Fundraising Coach — English

A conversational language model fine-tuned exclusively on nonprofit fundraising coaching in English. Produces structured answers: diagnosis → options → recommendation. Trained to avoid fabricating statistics or specific legal/tax guidance.

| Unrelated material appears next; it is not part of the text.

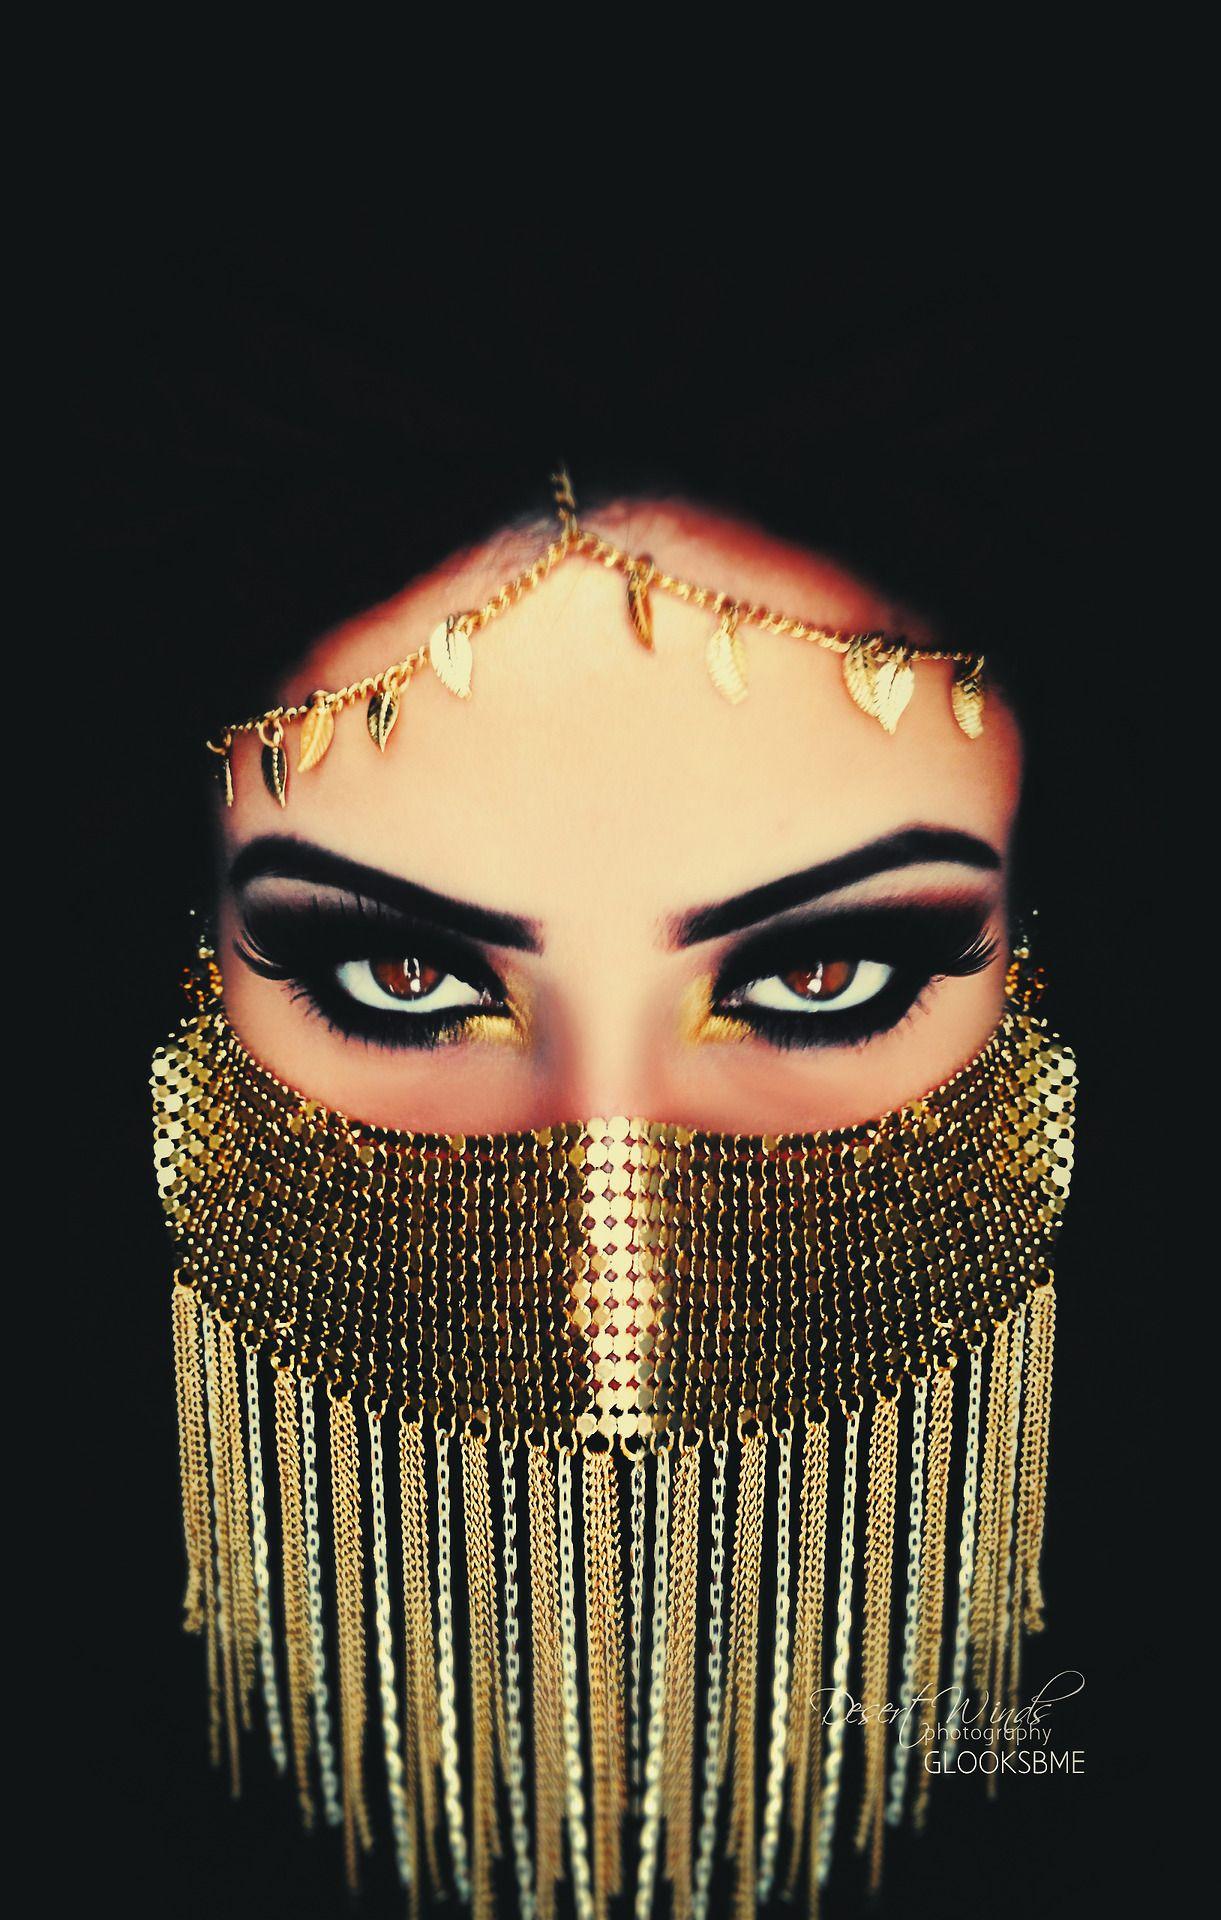 cinderellas-stilettos: desertwinds: Model: Glooksbme Edit: By me Face veil from: instagram.com/freshalamode ۞ Cinderella's Stilettos ۞ Dark Fashion & Luxury ۞

Base: `Qwen/Qwen2.5-7B-Instruct`. Dataset: `Mic-Fundraiser/fundraising-english-sft` (10,085 train + 530 val, distilled from 14 reference texts).

Try it

Live demo on Hugging Face Spaces

Usage

python
from transformers import AutoModelForCausalLM, AutoTokenizer

model_id = "Mic-Fundraiser/fundraising-coach-en"
tokenizer = AutoTokenizer.from_pretrained(model_id)
model = AutoModelForCausalLM.from_pretrained(model_id, torch_dtype="auto", device_map="auto")

SYSTEM = (
    "You are an experienced nonprofit fundraising coach. For any substantive question, "
    "structure your answer as: (1) a brief diagnosis of what the core issue really is, "
    "(2) the main options with their tradeoffs, (3) a concrete recommendation with the "
    "reasoning behind it. Be direct, grounded, and practical."
)
messages = [
    {"role": "system", "content": SYSTEM},
    {"role": "user", "content": "Our annual fund is flat. What should I look at first?"},
]
input_ids = tokenizer.apply_chat_template(messages, add_generation_prompt=True,
                                          return_tensors="pt", return_dict=False).to(model.device)
out = model.generate(input_ids, max_new_tokens=500, do_sample=True,
                     temperature=0.6, top_p=0.9, repetition_penalty=1.05)
print(tokenizer.decode(out[0][input_ids.shape[1]:], skip_special_tokens=True))

Training

MethodSFT + QLoRA (4-bit)
LoRAr=32, α=64, dropout=0.05
Modulesq/k/v/o/gate/up/down
Epochs2
LR1.5e-4 · cosine
Eff. batch16 · grad accum 8
Seq length2048 · packing enabled
HardwareNVIDIA L40S (HF Jobs)
FrameworkTRL + PEFT + transformers

Limitations

  • —Knowledge is shaped by the 14 source texts; regulation, platforms, and trends post-2023 are underrepresented.
  • —Deliberately refuses to invent precise statistics. May feel evasive on "what percentage of donors..." questions.
  • —English-only. For Italian see `fundraising-assistant`.
  • —2048-token context during training: long multi-turn sessions may lose earlier details.